Task item: Range to reproduce from the entries below: the line with "This is an authentic", the line with "The shoe features", and every line in between. Give them exactly and give nothing else.

Data to examine:
>>>

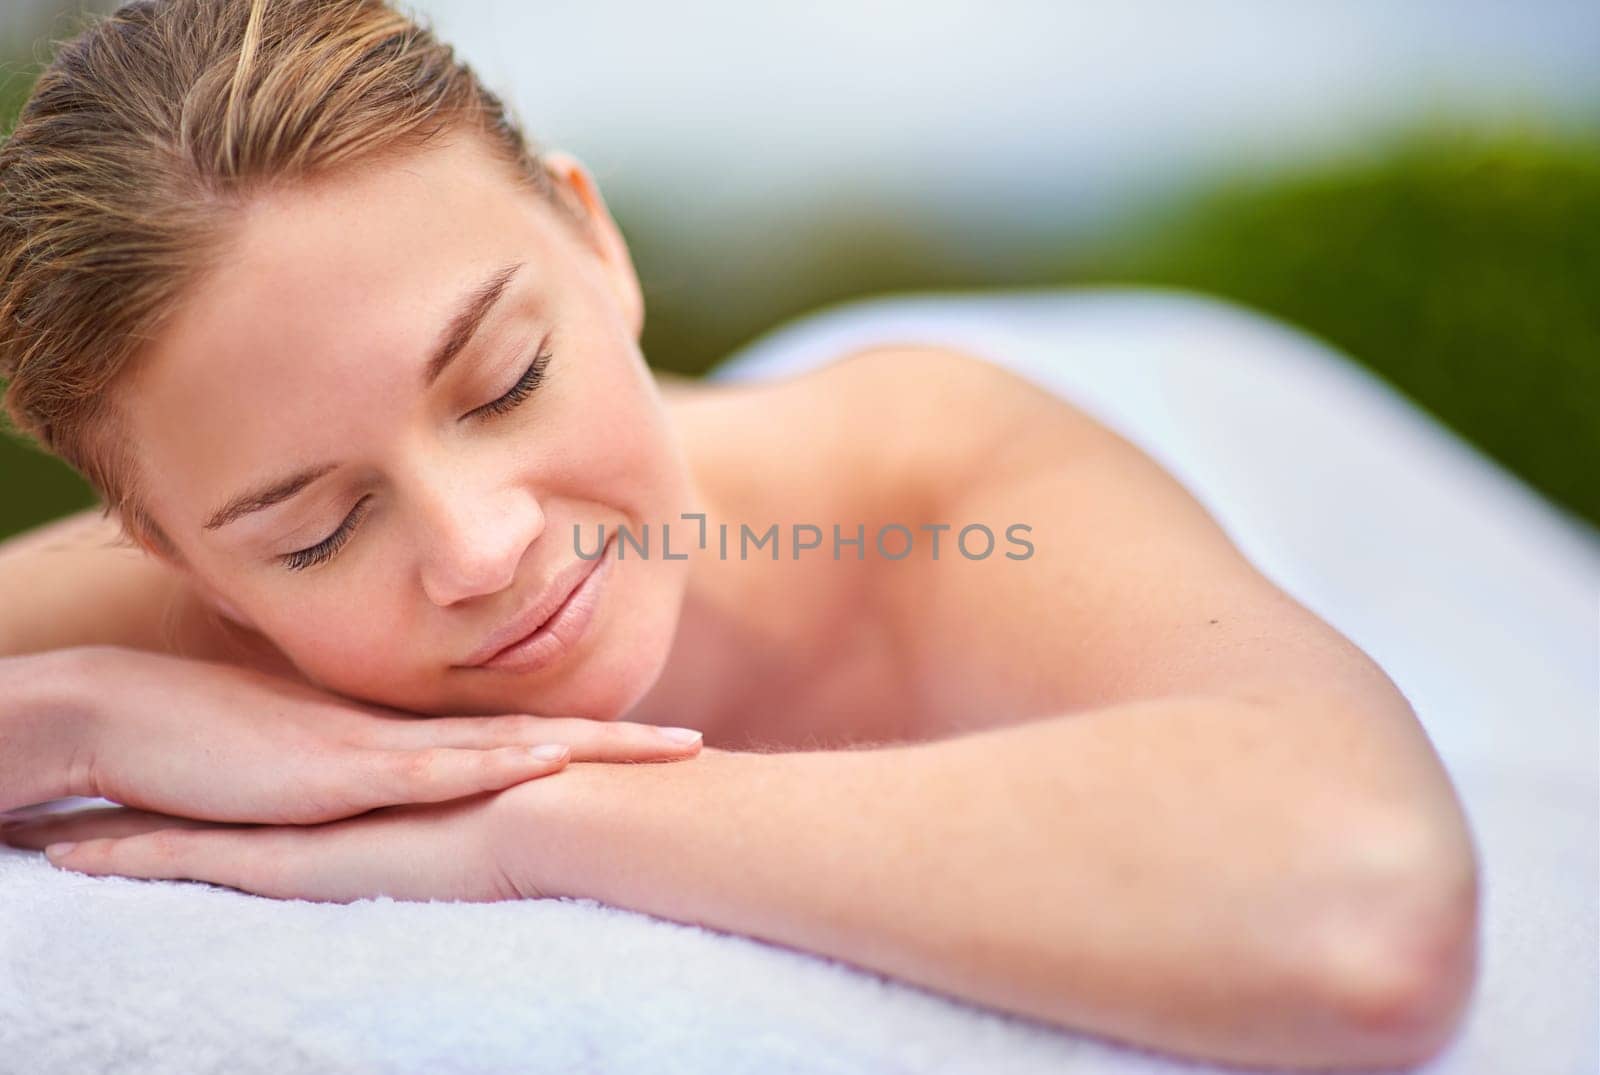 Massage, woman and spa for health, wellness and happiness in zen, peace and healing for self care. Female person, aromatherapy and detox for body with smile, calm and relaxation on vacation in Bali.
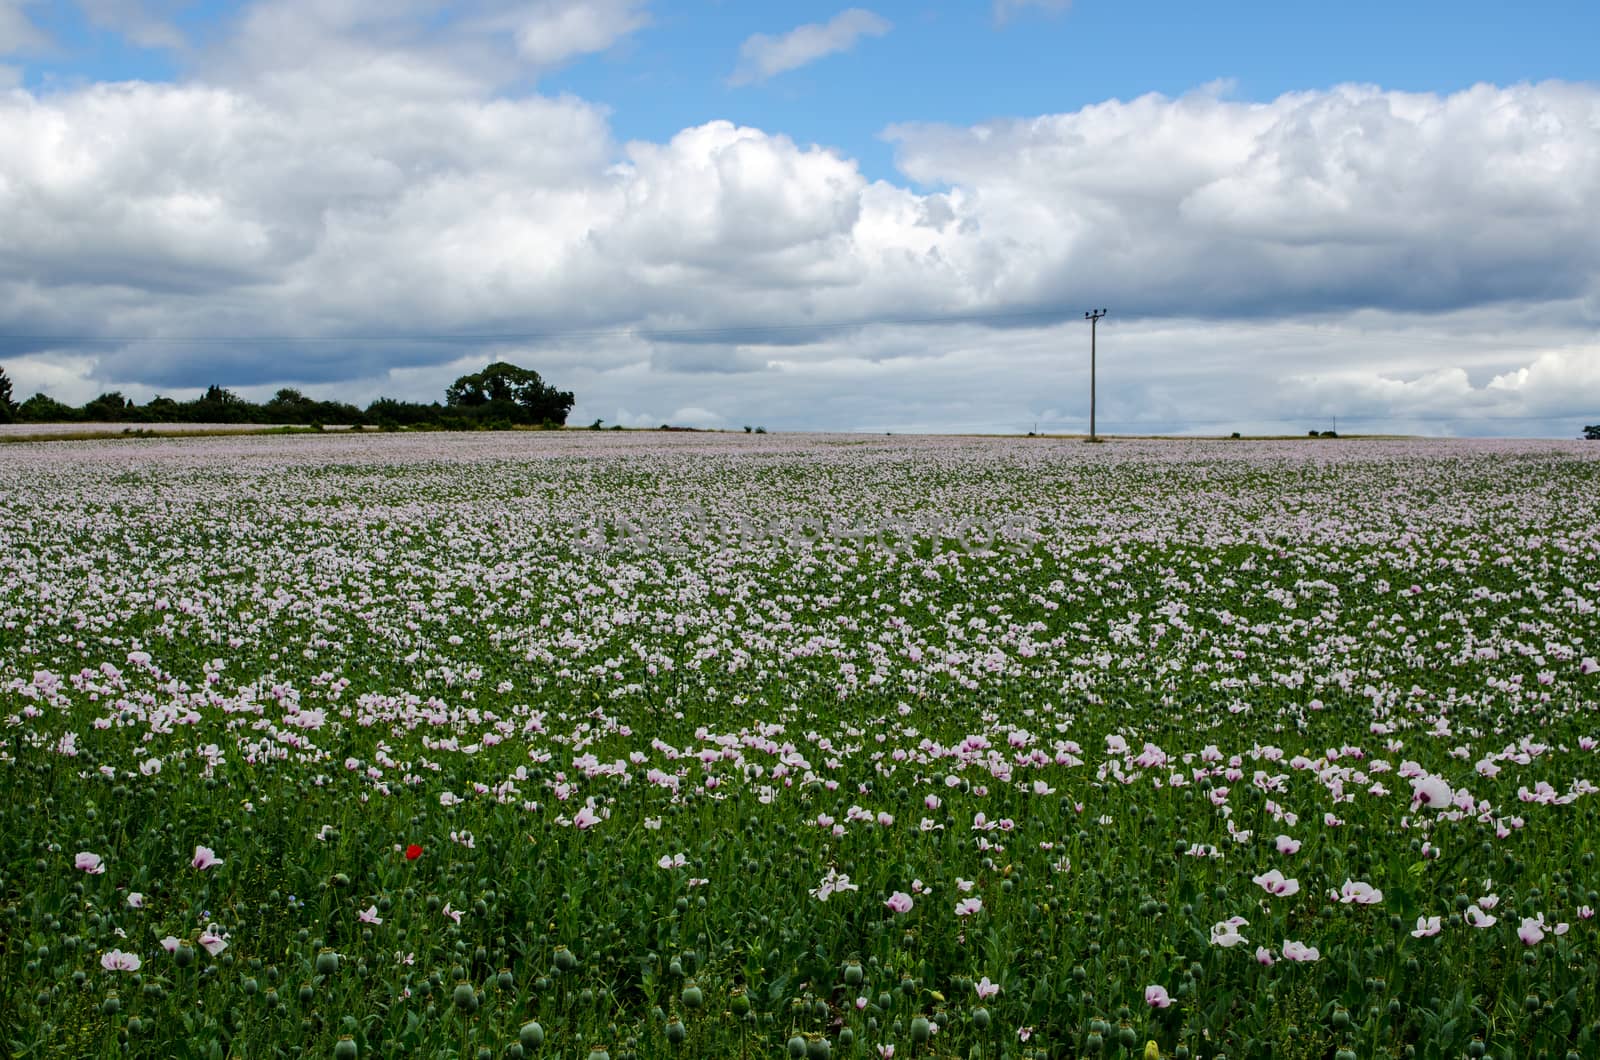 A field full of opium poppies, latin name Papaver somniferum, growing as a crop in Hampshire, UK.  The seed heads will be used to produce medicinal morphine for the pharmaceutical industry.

<<<
>>>

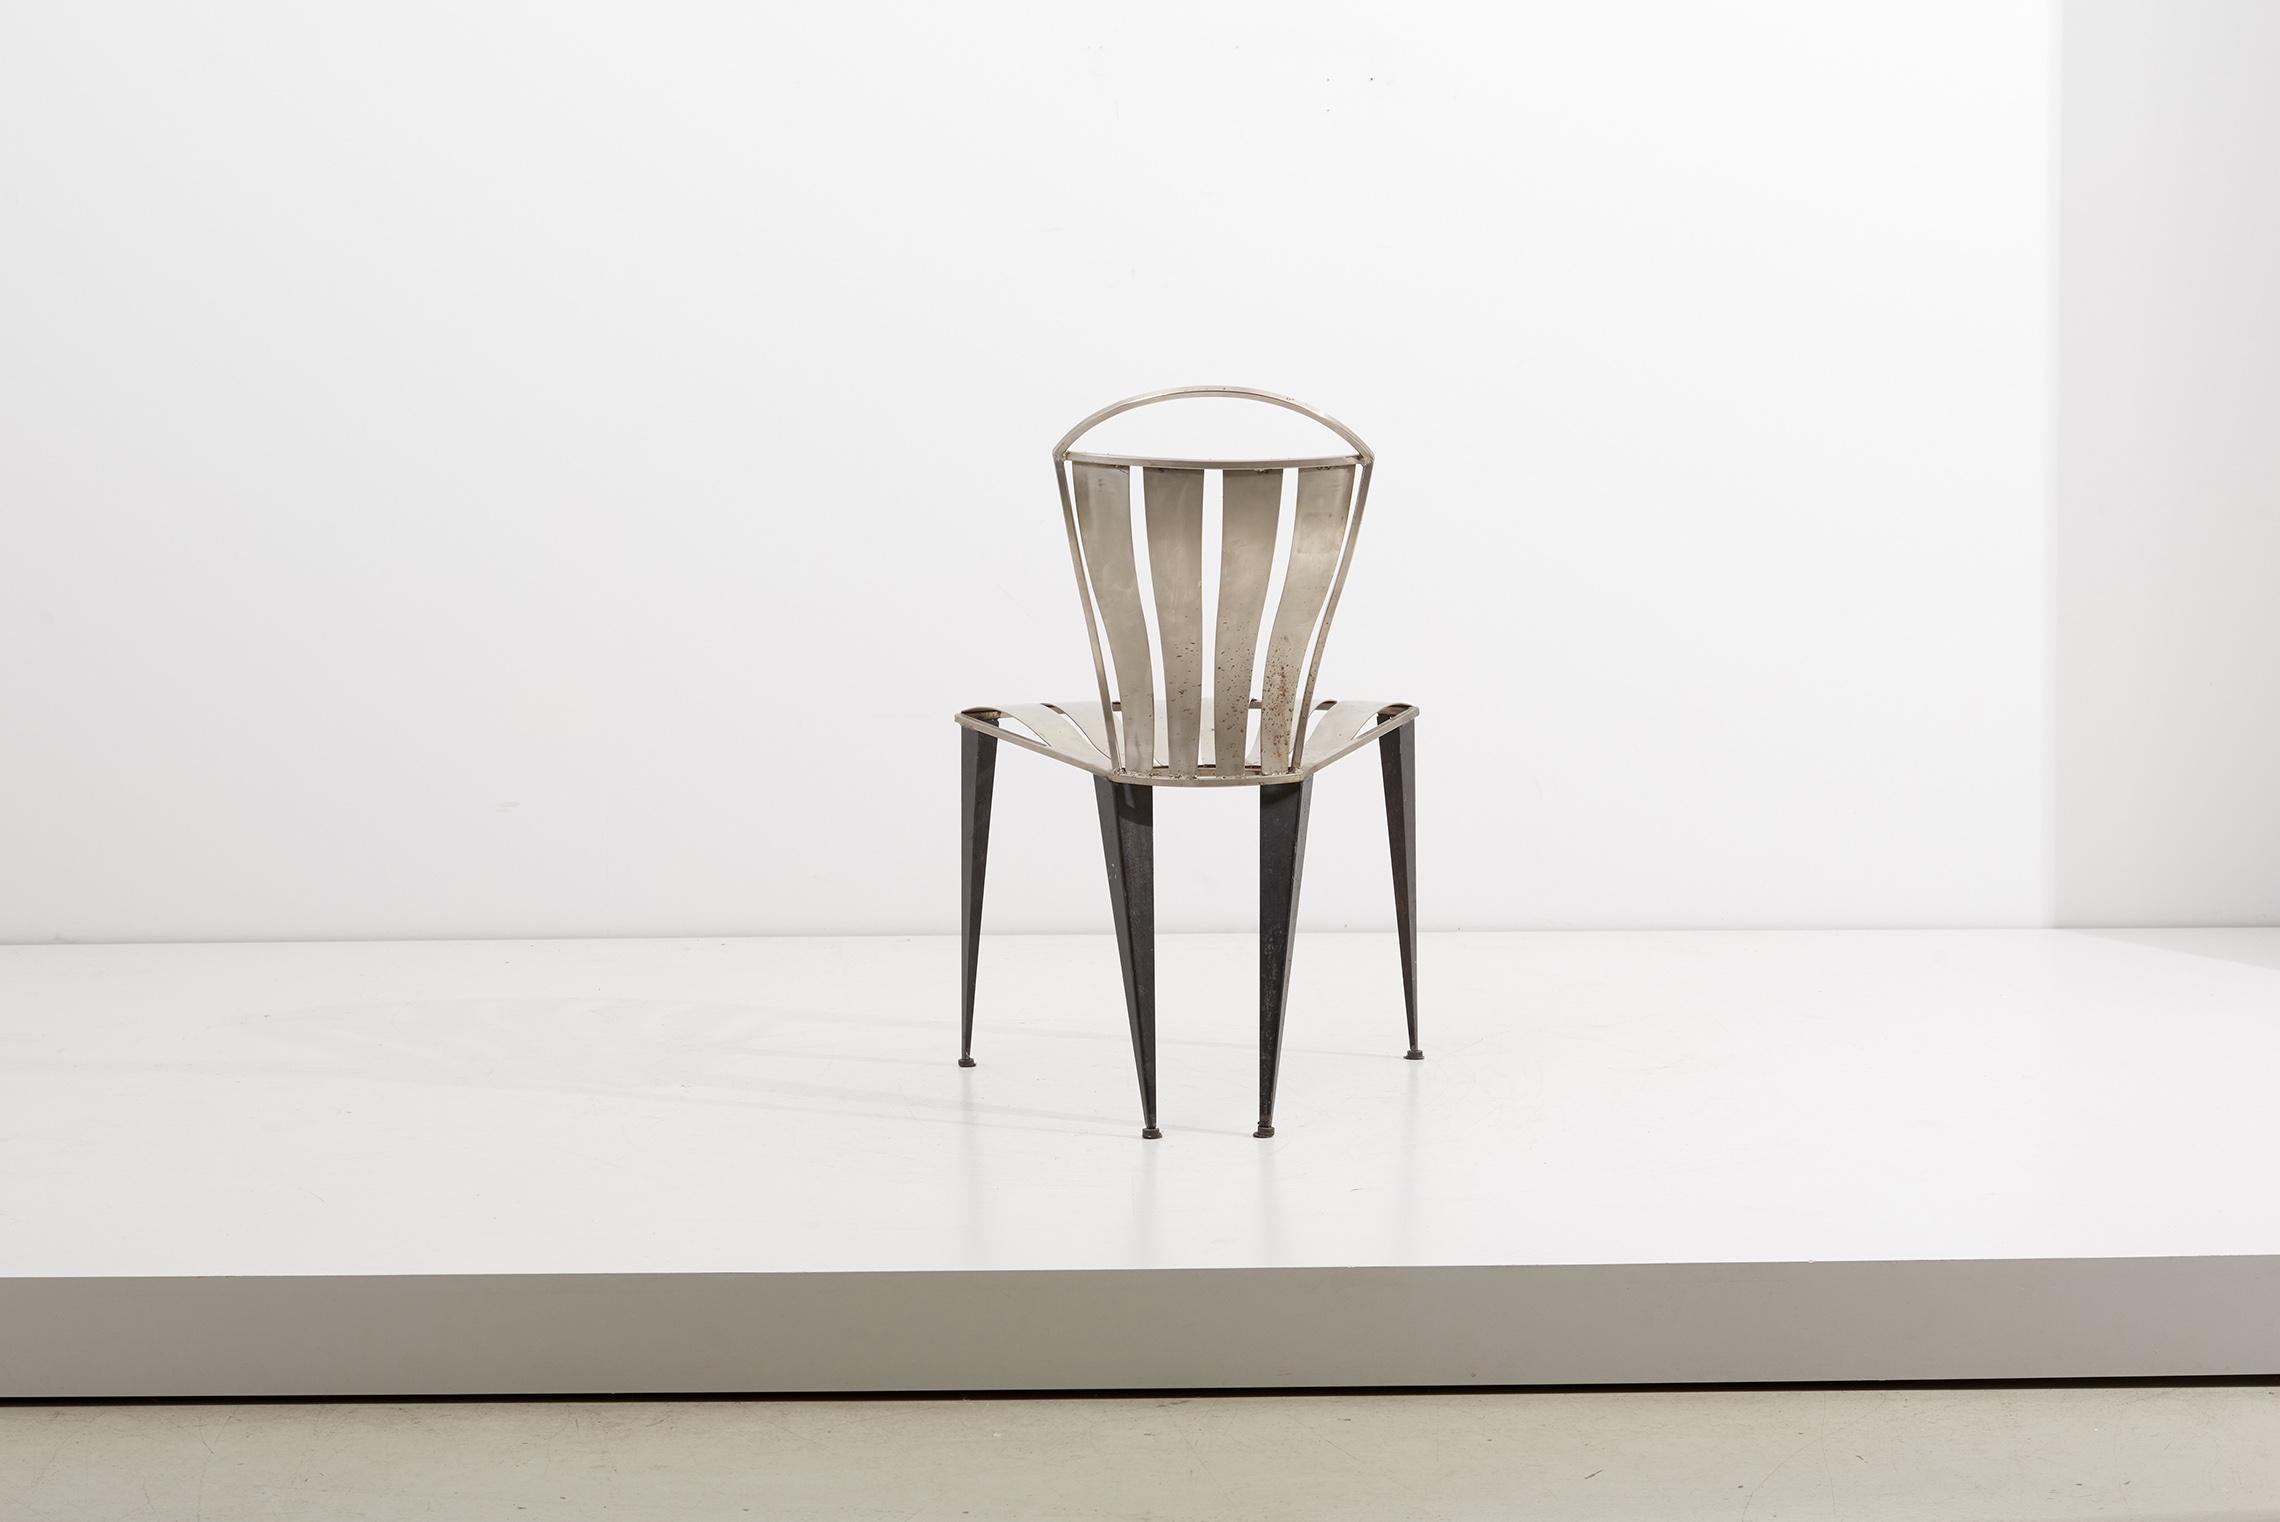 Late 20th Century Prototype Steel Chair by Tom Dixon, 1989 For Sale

<<<
>>>

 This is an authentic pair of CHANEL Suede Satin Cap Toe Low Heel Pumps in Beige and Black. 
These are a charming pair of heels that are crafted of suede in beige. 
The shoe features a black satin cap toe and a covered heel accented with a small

<<<

Task response:
 This is an authentic pair of CHANEL Suede Satin Cap Toe Low Heel Pumps in Beige and Black. 
These are a charming pair of heels that are crafted of suede in beige. 
The shoe features a black satin cap toe and a covered heel accented with a small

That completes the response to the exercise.